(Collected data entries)
····················
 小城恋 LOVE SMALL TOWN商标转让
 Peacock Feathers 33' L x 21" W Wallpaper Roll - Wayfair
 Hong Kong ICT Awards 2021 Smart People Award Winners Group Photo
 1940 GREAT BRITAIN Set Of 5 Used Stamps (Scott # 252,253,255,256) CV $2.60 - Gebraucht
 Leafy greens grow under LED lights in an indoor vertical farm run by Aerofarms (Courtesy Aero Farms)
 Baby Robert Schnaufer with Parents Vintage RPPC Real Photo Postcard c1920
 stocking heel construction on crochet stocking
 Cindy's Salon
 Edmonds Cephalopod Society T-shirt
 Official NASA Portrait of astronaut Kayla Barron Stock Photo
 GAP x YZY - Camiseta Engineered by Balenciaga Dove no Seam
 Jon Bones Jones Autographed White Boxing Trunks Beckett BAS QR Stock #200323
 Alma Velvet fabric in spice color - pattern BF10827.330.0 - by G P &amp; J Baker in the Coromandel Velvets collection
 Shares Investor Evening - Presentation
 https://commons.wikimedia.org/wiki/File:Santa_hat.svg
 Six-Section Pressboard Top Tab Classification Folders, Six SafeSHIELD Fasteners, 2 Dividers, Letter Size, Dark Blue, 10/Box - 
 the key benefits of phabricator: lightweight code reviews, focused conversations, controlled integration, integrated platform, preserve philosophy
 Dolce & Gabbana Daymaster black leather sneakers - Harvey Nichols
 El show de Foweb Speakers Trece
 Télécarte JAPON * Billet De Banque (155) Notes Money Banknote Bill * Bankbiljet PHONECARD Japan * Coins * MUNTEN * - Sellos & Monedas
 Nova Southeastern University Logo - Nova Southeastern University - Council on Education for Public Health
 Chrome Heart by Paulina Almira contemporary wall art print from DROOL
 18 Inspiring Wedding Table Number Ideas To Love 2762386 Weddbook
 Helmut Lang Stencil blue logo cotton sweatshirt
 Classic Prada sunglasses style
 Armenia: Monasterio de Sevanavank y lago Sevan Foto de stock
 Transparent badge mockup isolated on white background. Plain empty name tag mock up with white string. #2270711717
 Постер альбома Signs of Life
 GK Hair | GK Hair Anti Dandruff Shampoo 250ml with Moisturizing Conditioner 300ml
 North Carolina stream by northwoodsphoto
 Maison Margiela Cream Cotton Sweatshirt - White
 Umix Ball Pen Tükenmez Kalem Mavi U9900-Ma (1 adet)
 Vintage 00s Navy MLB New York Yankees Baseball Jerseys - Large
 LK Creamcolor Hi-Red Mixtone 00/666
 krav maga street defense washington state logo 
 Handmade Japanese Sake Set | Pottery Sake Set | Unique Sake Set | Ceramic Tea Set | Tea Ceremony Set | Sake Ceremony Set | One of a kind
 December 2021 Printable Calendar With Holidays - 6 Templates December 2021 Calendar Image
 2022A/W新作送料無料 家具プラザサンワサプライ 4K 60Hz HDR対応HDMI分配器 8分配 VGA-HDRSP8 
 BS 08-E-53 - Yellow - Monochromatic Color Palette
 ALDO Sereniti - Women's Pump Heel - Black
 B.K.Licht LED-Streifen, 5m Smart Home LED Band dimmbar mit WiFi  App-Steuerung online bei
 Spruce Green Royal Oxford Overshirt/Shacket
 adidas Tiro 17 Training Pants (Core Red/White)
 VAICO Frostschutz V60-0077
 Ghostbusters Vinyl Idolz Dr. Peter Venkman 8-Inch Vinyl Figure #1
····················
→ **Your objective**: For this exercise, please copy exactly the lines from the one holding "Maison Margiela Cream" through the end of the records, the first and last included.

→ **Written solution**:
 Maison Margiela Cream Cotton Sweatshirt - White
 Umix Ball Pen Tükenmez Kalem Mavi U9900-Ma (1 adet)
 Vintage 00s Navy MLB New York Yankees Baseball Jerseys - Large
 LK Creamcolor Hi-Red Mixtone 00/666
 krav maga street defense washington state logo 
 Handmade Japanese Sake Set | Pottery Sake Set | Unique Sake Set | Ceramic Tea Set | Tea Ceremony Set | Sake Ceremony Set | One of a kind
 December 2021 Printable Calendar With Holidays - 6 Templates December 2021 Calendar Image
 2022A/W新作送料無料 家具プラザサンワサプライ 4K 60Hz HDR対応HDMI分配器 8分配 VGA-HDRSP8 
 BS 08-E-53 - Yellow - Monochromatic Color Palette
 ALDO Sereniti - Women's Pump Heel - Black
 B.K.Licht LED-Streifen, 5m Smart Home LED Band dimmbar mit WiFi  App-Steuerung online bei
 Spruce Green Royal Oxford Overshirt/Shacket
 adidas Tiro 17 Training Pants (Core Red/White)
 VAICO Frostschutz V60-0077
 Ghostbusters Vinyl Idolz Dr. Peter Venkman 8-Inch Vinyl Figure #1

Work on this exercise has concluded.